-- EXERCISE INSTRUCTIONS --
Transcribe the listing below in full, exactly, with no images.

-- DATA BLOCK --
=== Section Start ===
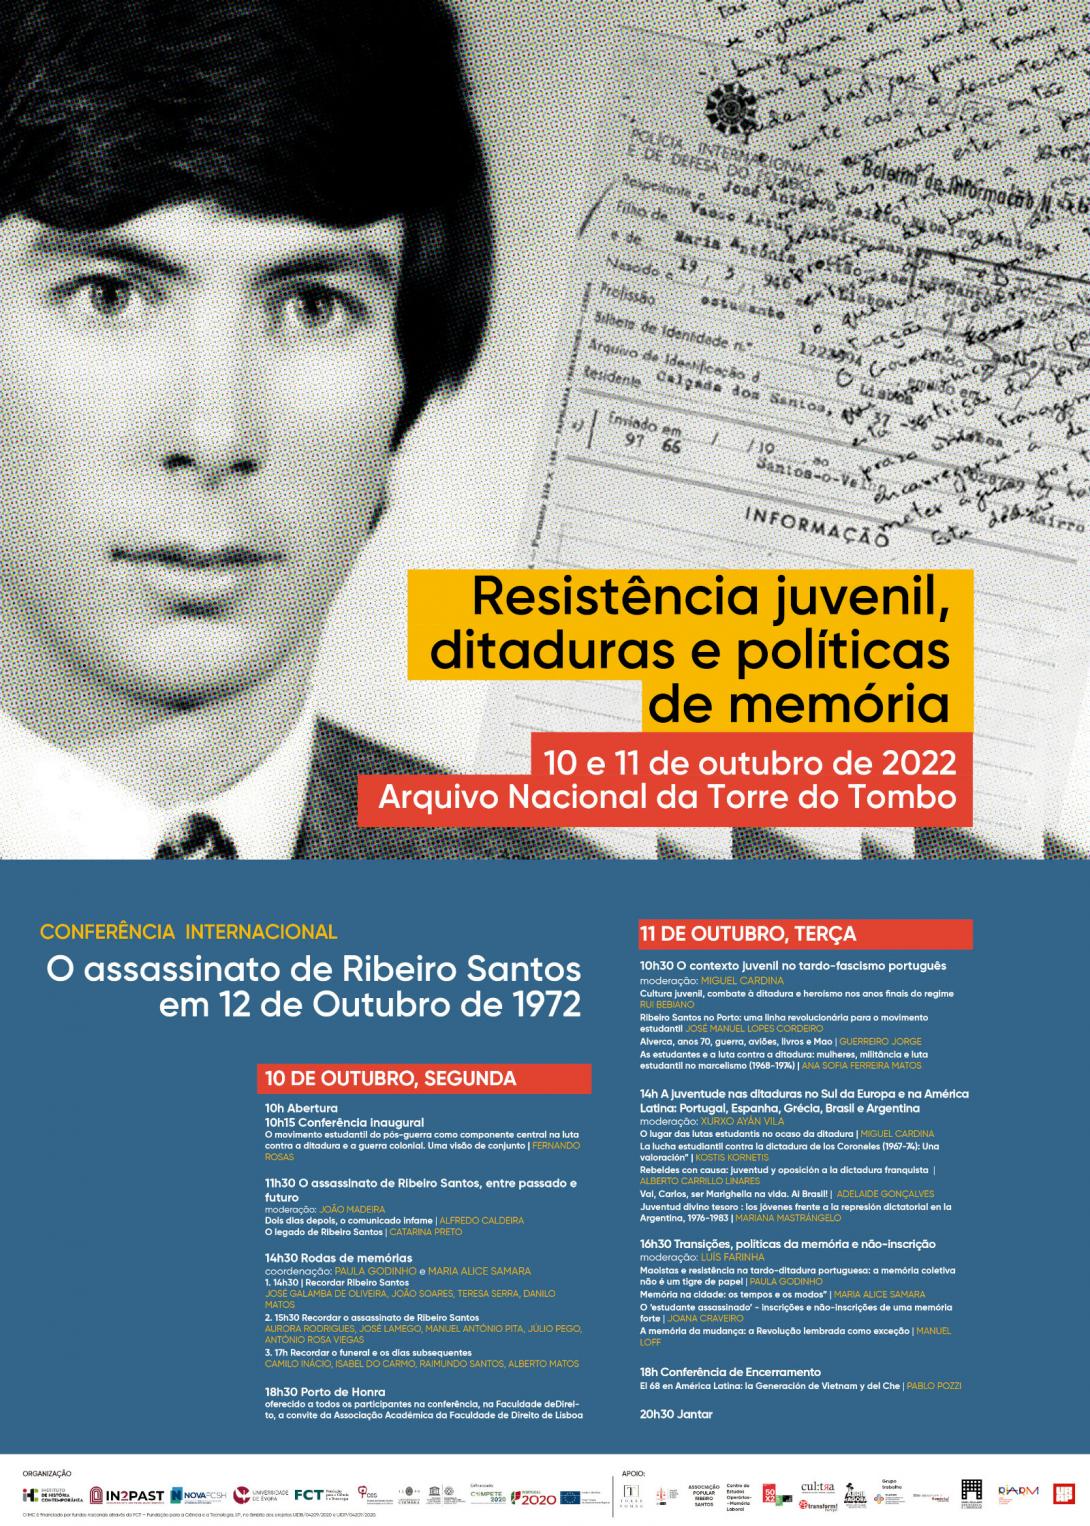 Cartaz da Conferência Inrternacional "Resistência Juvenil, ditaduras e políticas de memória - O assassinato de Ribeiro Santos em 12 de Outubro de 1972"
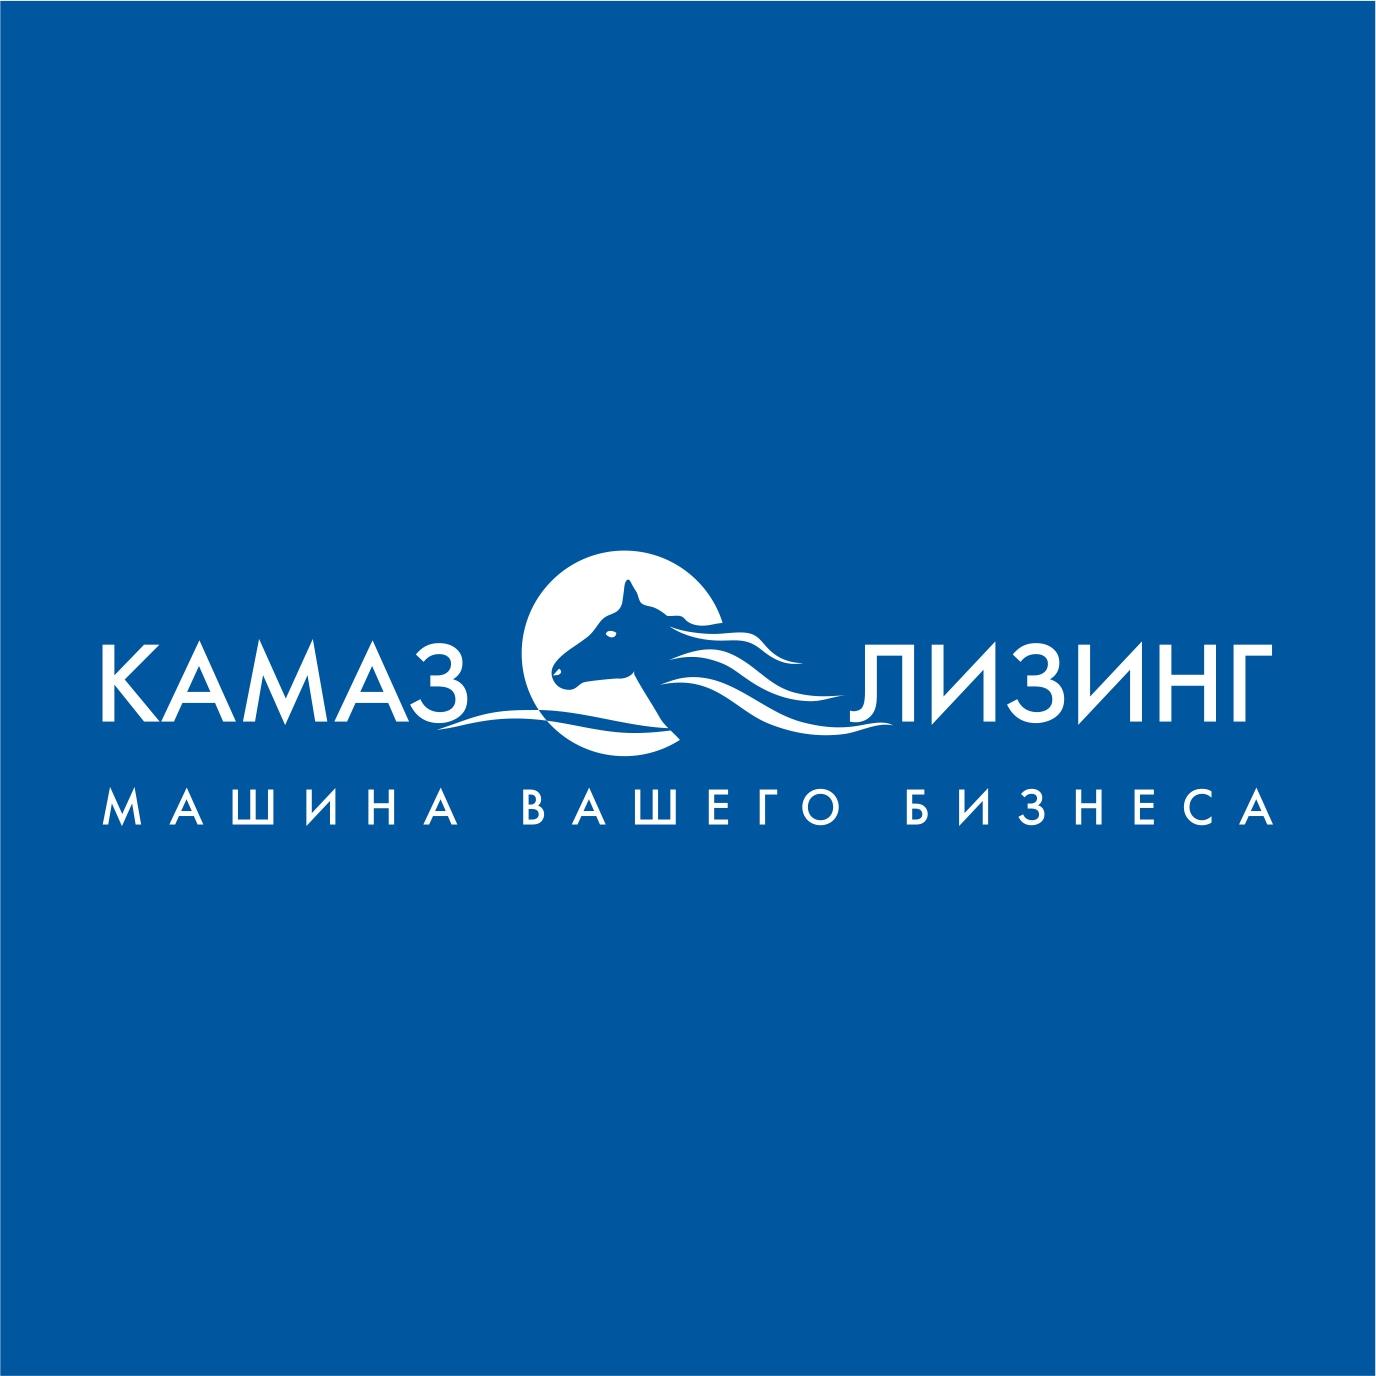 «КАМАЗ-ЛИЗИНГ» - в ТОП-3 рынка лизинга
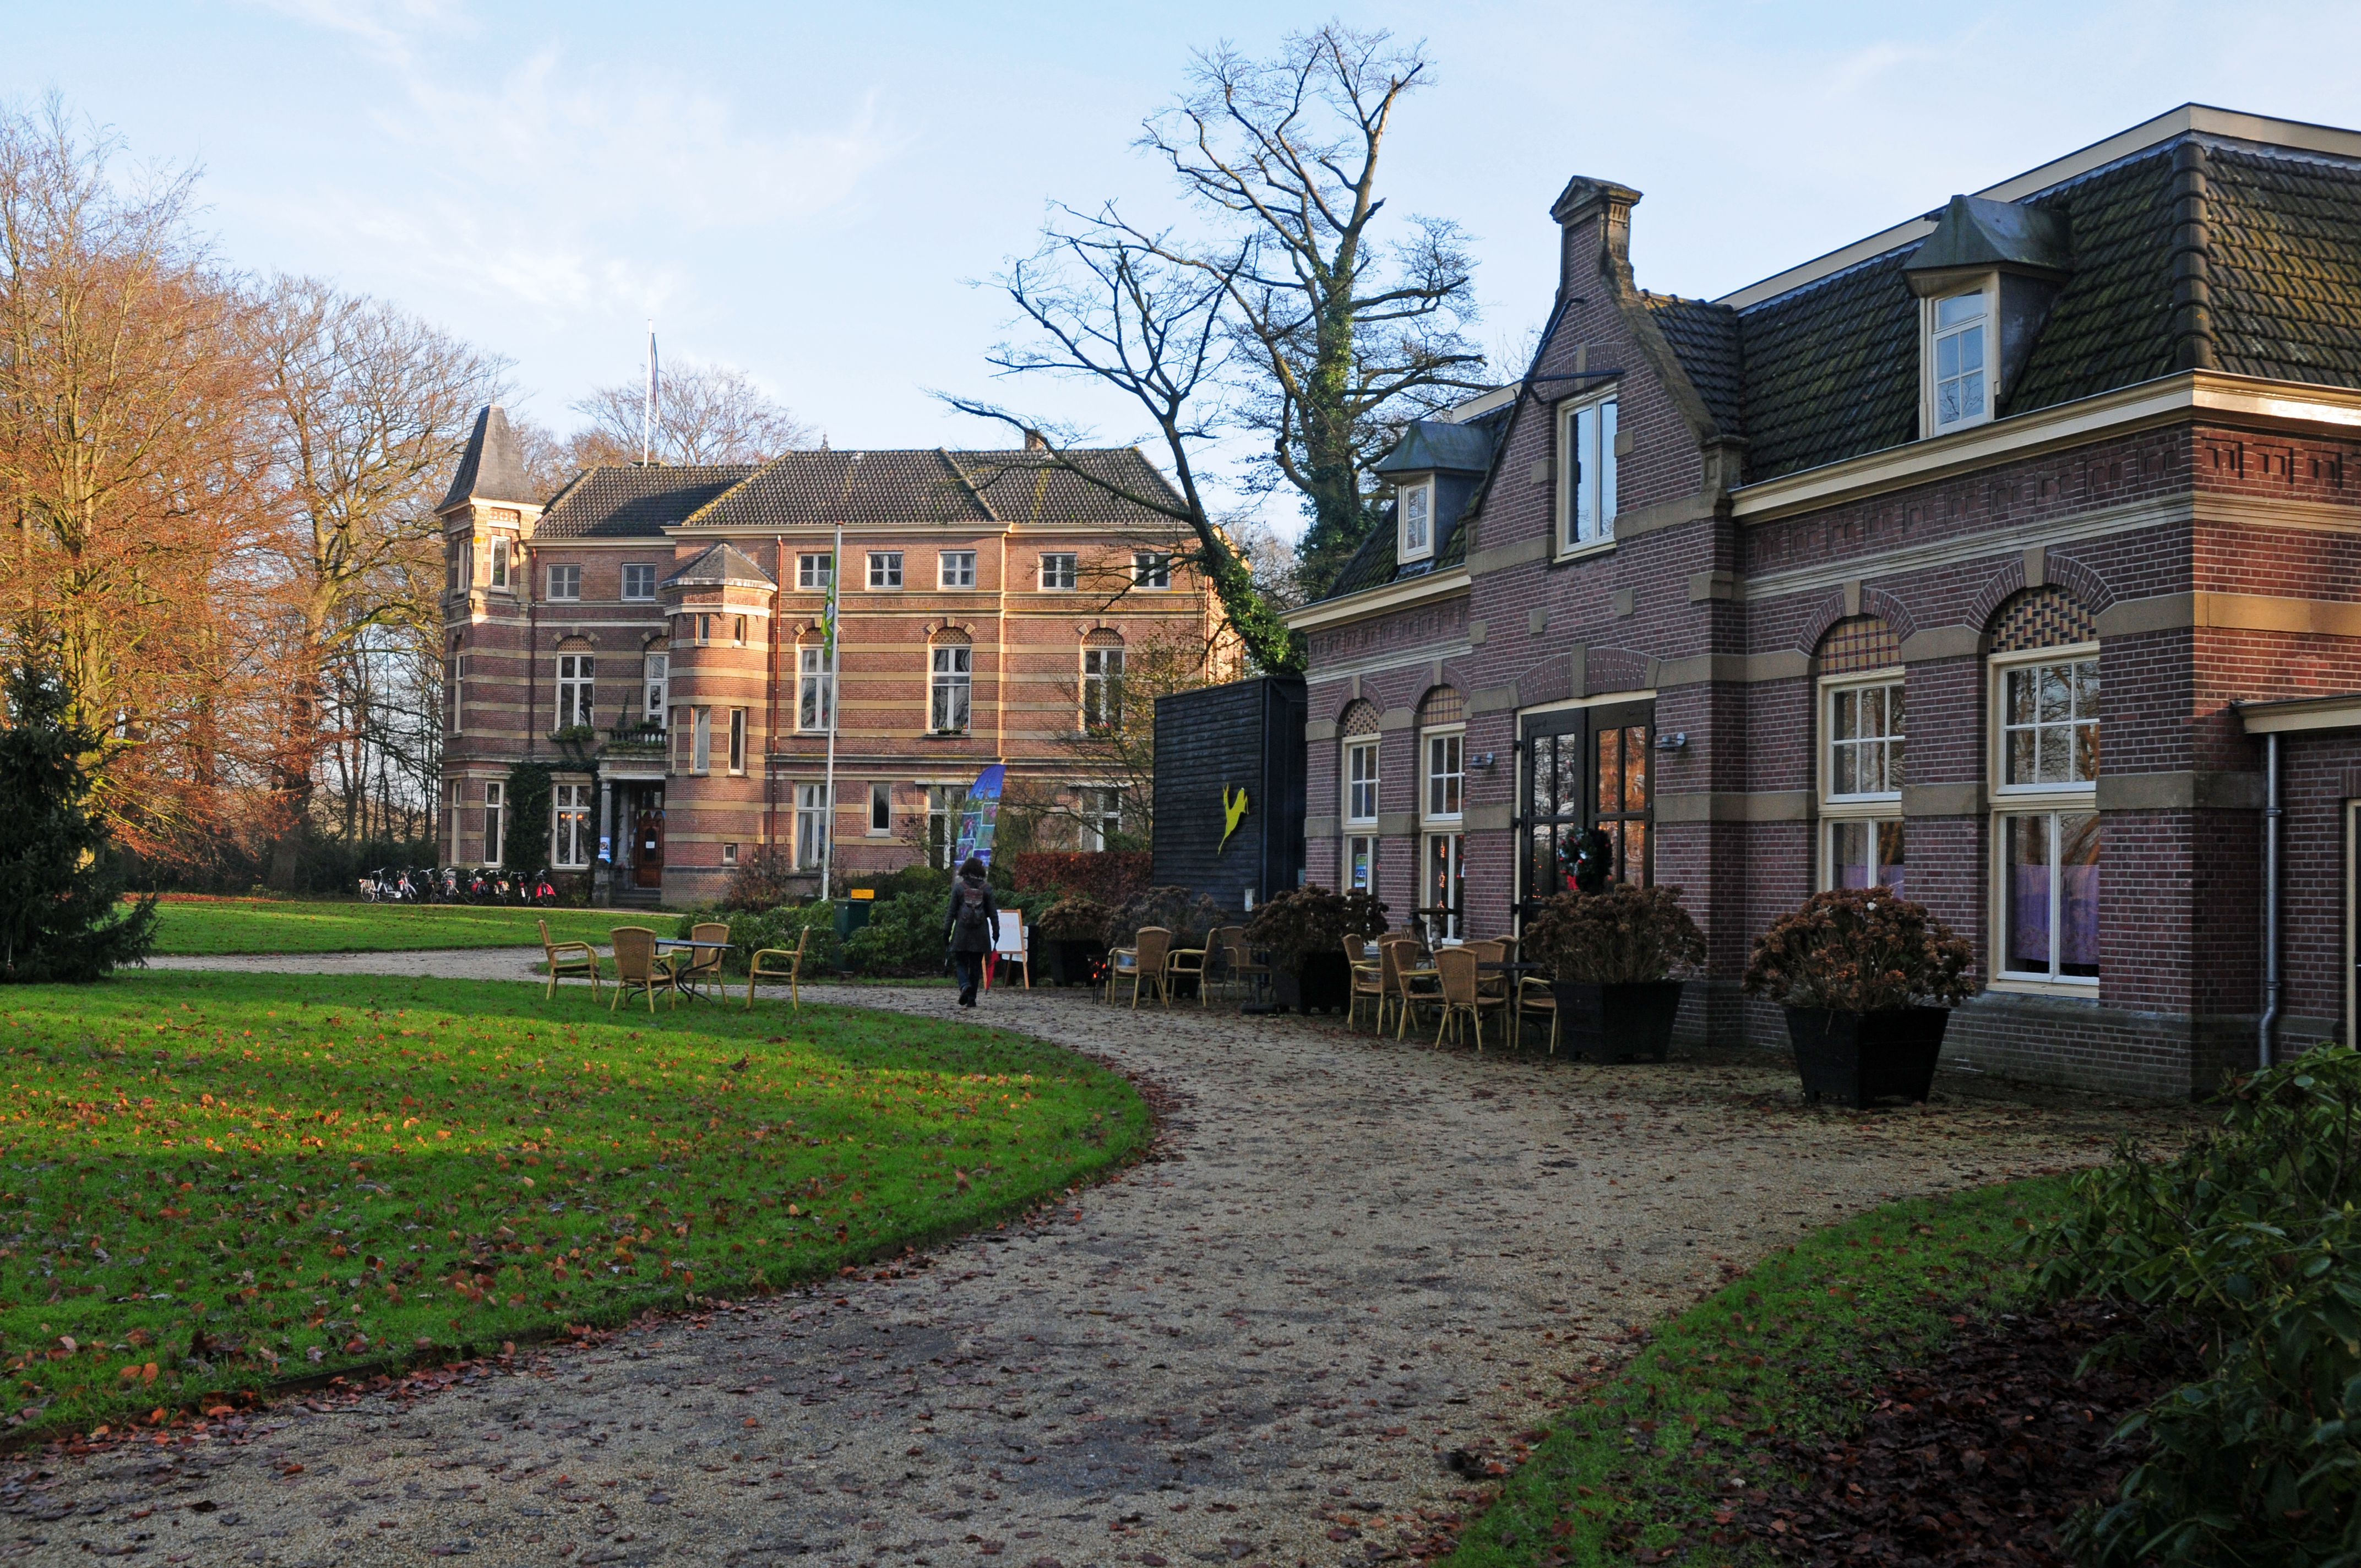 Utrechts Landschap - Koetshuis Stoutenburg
=== Section End ===
-- TASK OUTPUT --
 Cartaz da Conferência Inrternacional "Resistência Juvenil, ditaduras e políticas de memória - O assassinato de Ribeiro Santos em 12 de Outubro de 1972"
 «КАМАЗ-ЛИЗИНГ» - в ТОП-3 рынка лизинга
 Utrechts Landschap - Koetshuis Stoutenburg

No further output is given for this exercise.